My Beloved is Mine

My Beloved is Mine

From the desk of Rabbi David Lyon

With all the news, lately, it might have slipped your memory that the Hebrew month of Elul has begun. What’s Elul, you ask? It’s the Hebrew month that precedes Tishrei, the first day of which is Rosh Hashanah, the Jewish New Year 5783. Elul has intrigued us for centuries. It is, after all, the last month of the Jewish year before we begin the Ten Days of Repentance, or the Days of Awe.

From Rosh Hashanah to Yom Kippur, we begin an introspective period of accounting of our deeds and atoning for our sins. Such an obligation, the weightiest of all, you might say, requires some preparation. So, Elul has been treated as an on-ramp to the place where we stand before God and our community to make amends and make new promises for the New Year.
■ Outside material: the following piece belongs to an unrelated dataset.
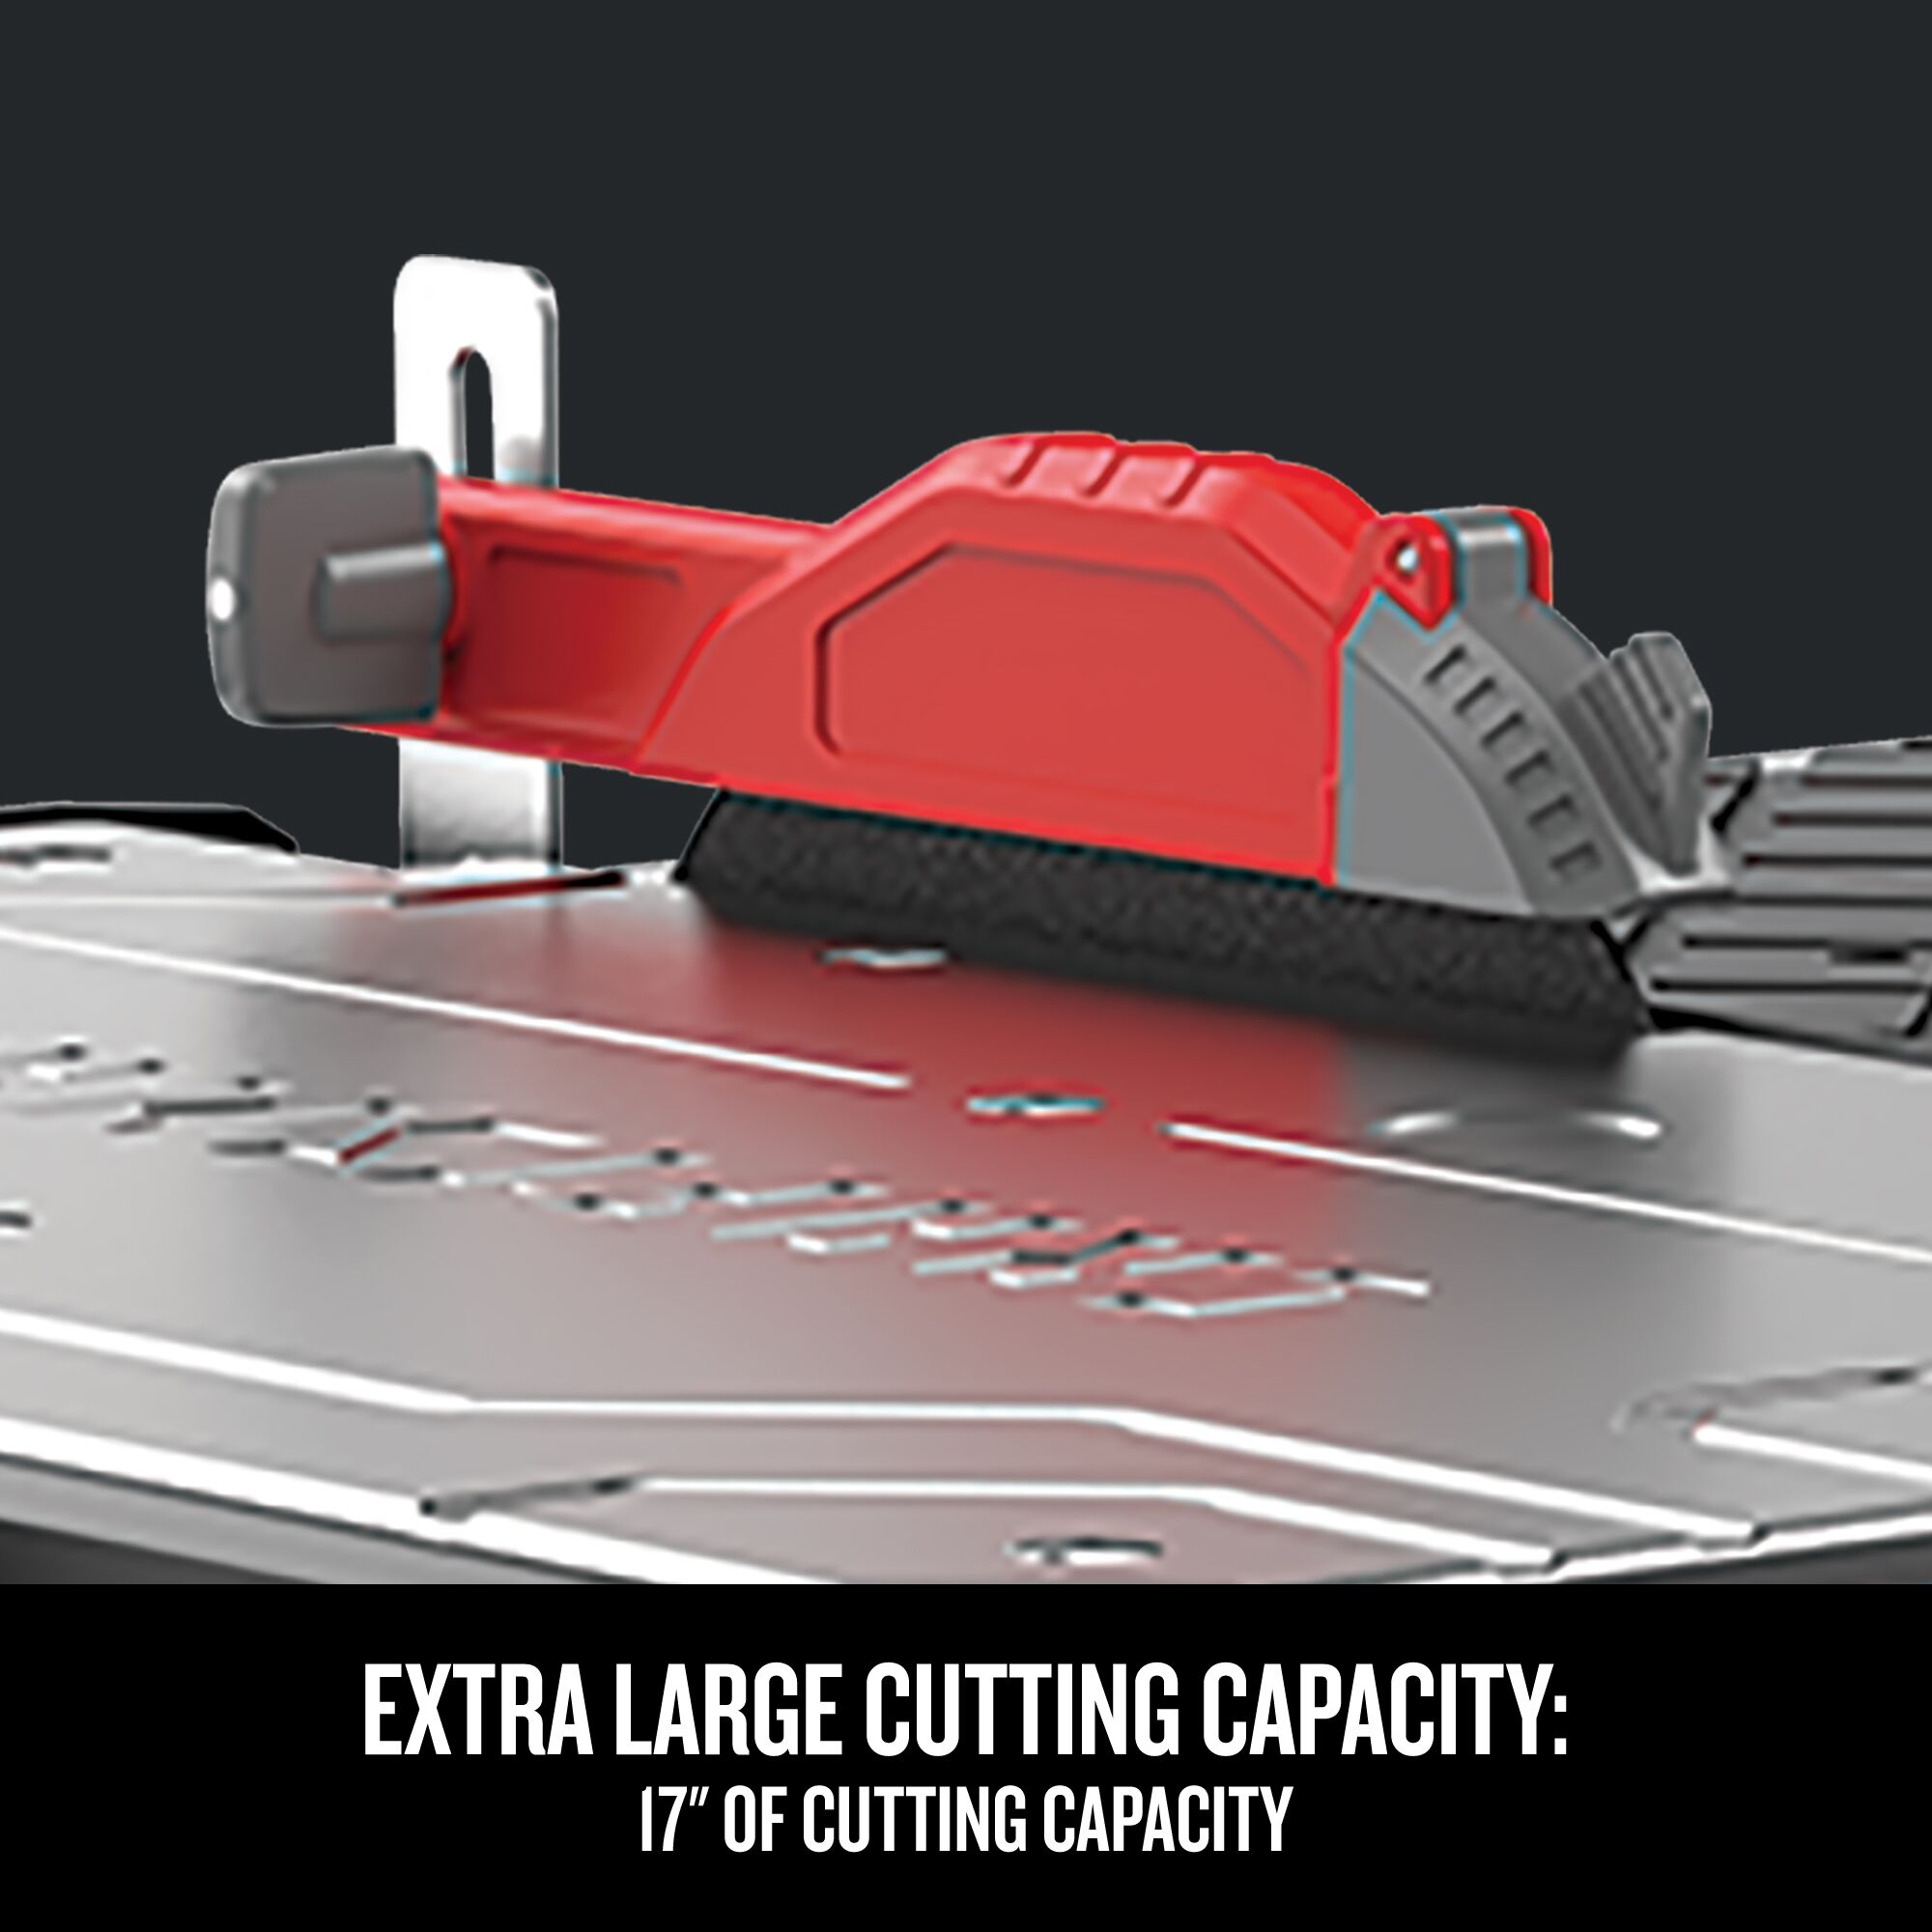 Graphic of CRAFTSMAN Tile Saw highlighting product features

Elul, the rabbis taught, can also be read as an acronym. Each of the Hebrew letters in Elul (אלול) can become the first letters of “Ani L’dodi V’dodi Li,” (אני לדודי ודודי לי), a verse from Song of Songs in the Hebrew Bible (6:3). The verse means, “I am my beloved’s, and my beloved is mine.” The acronym isn’t just coincidental. It highlights the theme of Song of Songs, which is an allegory of the love that God has for the people Israel. Therefore, the month is wrapped up in, interlaced with, and embraced by God’s love for our people and the expectations that, though Tishrei is for repentance and introspection, we should anticipate that God’s love will outweigh God’s judgment.

Though it would seem that God loves the righteous more, we would be wrong. We’re only human; therefore, God loves those who enter broken, who make amends, and who leave forgiven and hopeful. This process is the way we become the persons we were created to be. I don’t prefer to say that we become the best “versions of ourselves.” It makes it sound like we shed our skin like a reptile, or we upgrade our firmware like a router. We were created with great potential and we’re the product of our life experiences. One of those crucial experiences is the process of “teshuvah,” or repentance, that enables us, in our humility, to acknowledge what we failed to do, knowingly and unknowingly, and that we’re prepared to do better if we’re faced with the same or similar set of circumstances, again.  Our Judaism assures us that God does not seek the death of the sinner; rather, that the sinner should repent and live (cf Ezekiel 18:23 & 33:11).

Such personal human hopefulness is a reason to prepare for High Holy Days without trepidation. The process is meant to be weighty, but the outcome is already tipped in our favor. In response to our prayers, God says, “I pardon as you have asked” (Numbers 14:20). Ultimately, God is waiting for us. Are we ready to enter into God’s holy place and make amends, together? We have the whole month of Elul to prepare. But when the Ten Days of Repentance begin and we’re not prepared, the rabbis also taught that God meets us where we are to help us come the rest of the way.

Ready or not, I’ll see you at High Holy Days, which begin on Sunday night, September 25, 2022, in the sanctuary at Congregation Beth Israel and on livestream.